11 August 2010


Cree reports annual revenue up 53% as LED lighting sales double year-on-year

For fiscal 2010 (ended 27 June), Cree Inc has reported record revenue of $867.3m, up 53% on fiscal 2009’s $567.3m. In particular, fiscal fourth-quarter revenue was a record $264.6m, up 13% on last quarter’s $234.1m and 79% on $148.1m a year ago.











Of total Q4 revenue, LED product revenue was $240.1m (up 13% on $211.8m last quarter and 83% on $131.3m a year ago) and power and RF product revenues were $24.5m (up 10% on $22.3m last quarter and 46% on $16.8m a year ago). In particular, growth was driven mainly by: strong sales of XLamp LED components for outdoor lighting and LED bulb applications; LED lighting products for indoor commercial applications; and power devices for solar inverter applications.

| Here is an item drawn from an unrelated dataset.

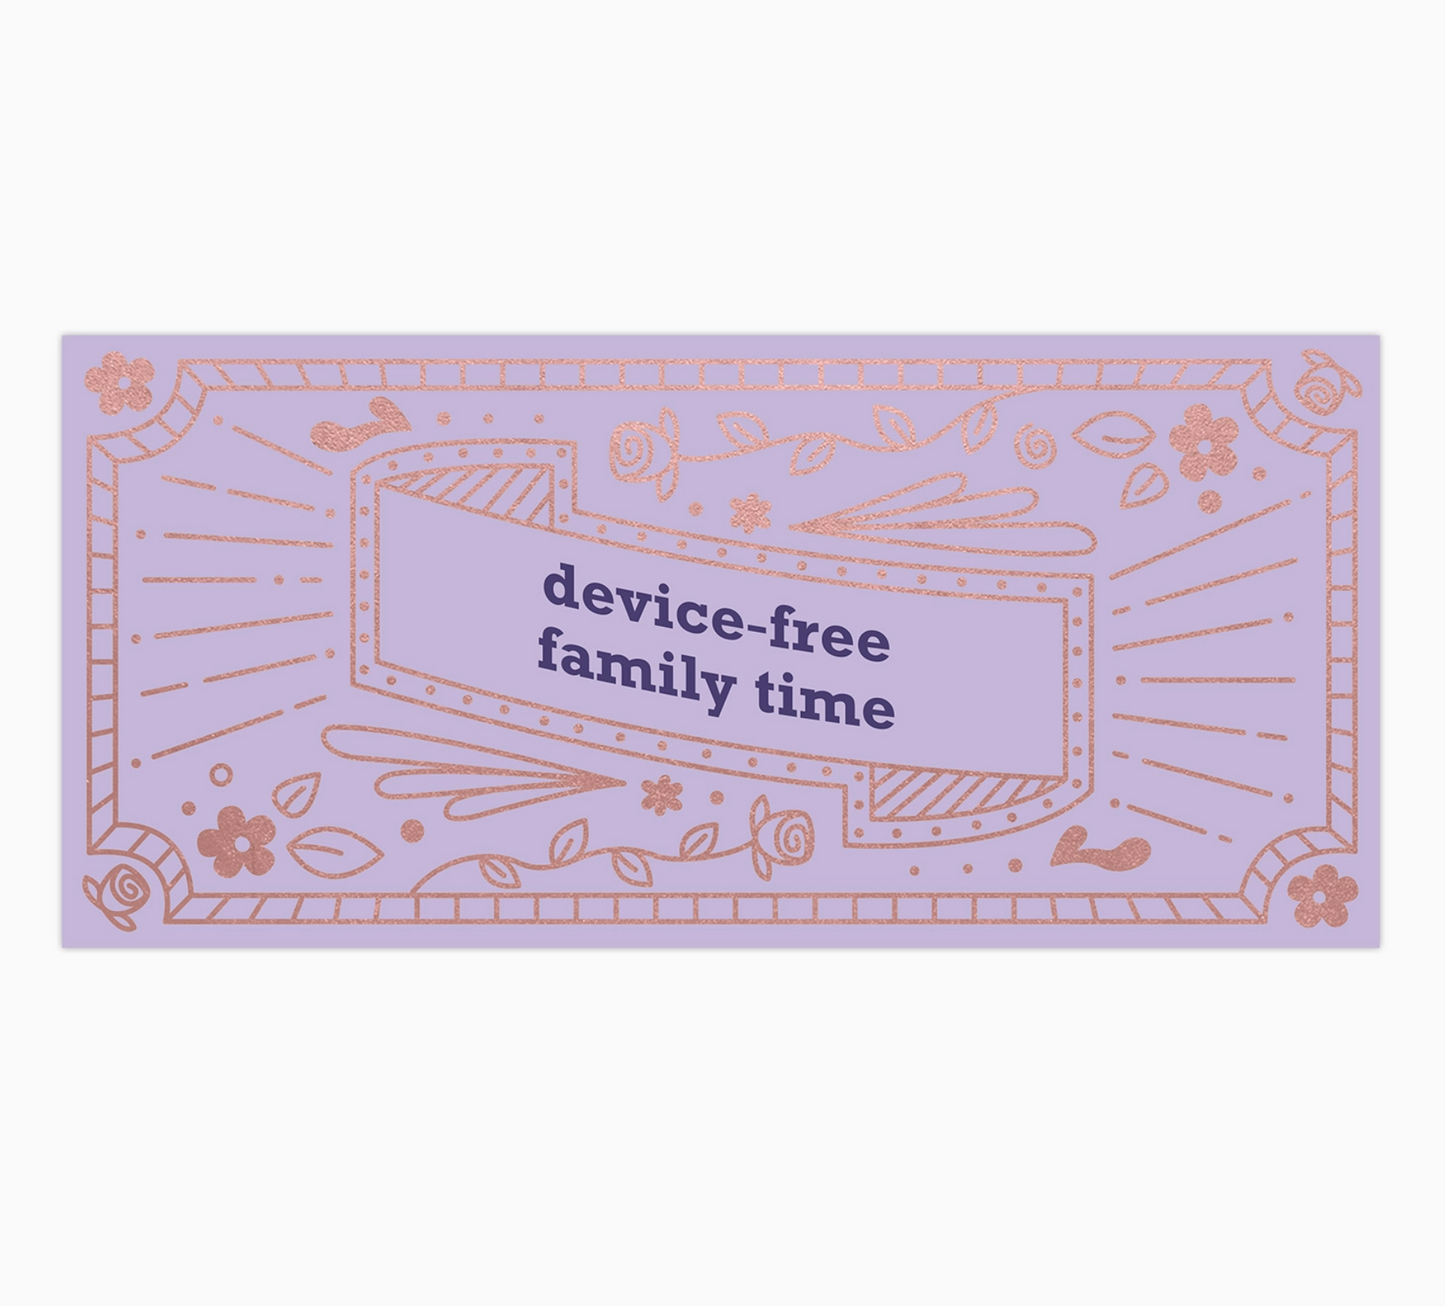 Fill in the Love® Mom Vouchers - 15 unique coupons

Well over half of overall LED business is now for lighting applications. “Fiscal 2010 was a great year for Cree and the LED lighting revolution,” says chairman & CEO Chuck Swoboda. “We made good progress building momentum in our business and delivering on our four key objectives for the fiscal year,” he adds. “We grew the LED lighting components business more than 100% year-over-year, we further established our leadership in LED lighting and disrupted the market with customer wins like Wal-Mart, we turned power and RF into a profitable and growing product line, and we increased non-GAAP operating profit 244% [from $68m for fiscal 2009 to $234m].”

Non-GAAP gross margin has risen from 40.3% a year ago and 48.1% last quarter to 49.9% (above the targeted 48%), with components a little above the corporate average, followed by chips, then lighting systems a bit below average. The rise is driven by continued strong execution in the factory ramp-up along with the benefit of higher volume scale, better-than-forecast cost reduction due to higher yields, and continued improvement in the power and RF product lines. This boosted full-year gross margin from 38.1% in fiscal 2009 to 47.8% in fiscal 2010.

Non-GAAP net income has risen from $16.3m a year ago and $51.3m last quarter to a record $60.1m. This boosted full-year net income from $59.2m in fiscal 2009 to $179.2m in fiscal 2010.

In fiscal Q4, operating cash flow was $94.9m (up on $72.9m last quarter). After capital expenditure of $40.8m, free cash flow was $54.2m. Cash and investments rose by $75.4m to $1066.4m.

To further accelerate growth of the LED lighting market, during fiscal Q4 Cree signed a worldwide patent cross-license agreement with Philips. The firm also extended the warranty on its family of LED fixture products to five years. It also launched its LR6-DR1000 high-output 6-inch downlight (delivering 70% more light than the original LR6) and the LR24HE LED-based troffer (the first indoor fixture to deliver more than 100 lumens per watt efficacy), both featuring Cree’s TrueWhite technology.

“Entering fiscal 2011, we are focused on extending our leadership position while we build the scale, cost structure and channels to win in the market,” says Swoboda.

For fiscal first-quarter 2011 (ending 26 September 2010), Cree expects revenue to rise to $270–280m. This should be driven by double-digit growth in LED components and lighting products (as Cree continues to invest in its factories to support the increased adoption of LED lighting), driven by the USA and Asia while European demand is seasonally slow. However, this growth will be offset partially by lower LED chip sales for consumer backlighting application, particularly in Europe (a short-term supply/demand correction), as well as flat power & RF product sales (due to production constraints that will last until new capacity comes online, probably in fiscal Q3/2011).

Non-gross margin in fiscal Q1 should fall back a little to 48–49%, as Cree aims to operate its factory at a more sustainable level of utilization (i.e. down closer towards 90% for LED chips). Non-GAAP net income should rise to $62–65m.

Cree’s authorized capital expenditure for fiscal 2011 is about $300m (up from $168m in fiscal 2010), as the firm aims to: support targeted growth in LED lighting applications (by more than doubling XLamp LED capacity by the end of fiscal 2011); support initial capacity to develop and qualify LED products based on 150mm (6-inch) substrates; and position the factory to support additional growth in fiscal 2012.

As well as increasing manufacturing capacity (and adding new pilot production and testing capabilities to reduce time to market for LED component and lighting system products), Cree will transition LED chip production from 4-inch to 6-inch wafers. The plan is to ramp the 6-inch process into production on silicon carbide wafers (on which Cree produces most chips), but it also has a parallel program for 6-inch sapphire substrates, aiming to be able to run the process on both platforms. “We are putting in place the initial 150mm capacity to start to develop and qualify the process,” says Swoboda. Cree targets the first 150mm products to be qualified by the end of fiscal 2011 (end-June 2011), followed by the first production volumes in early fiscal 2012.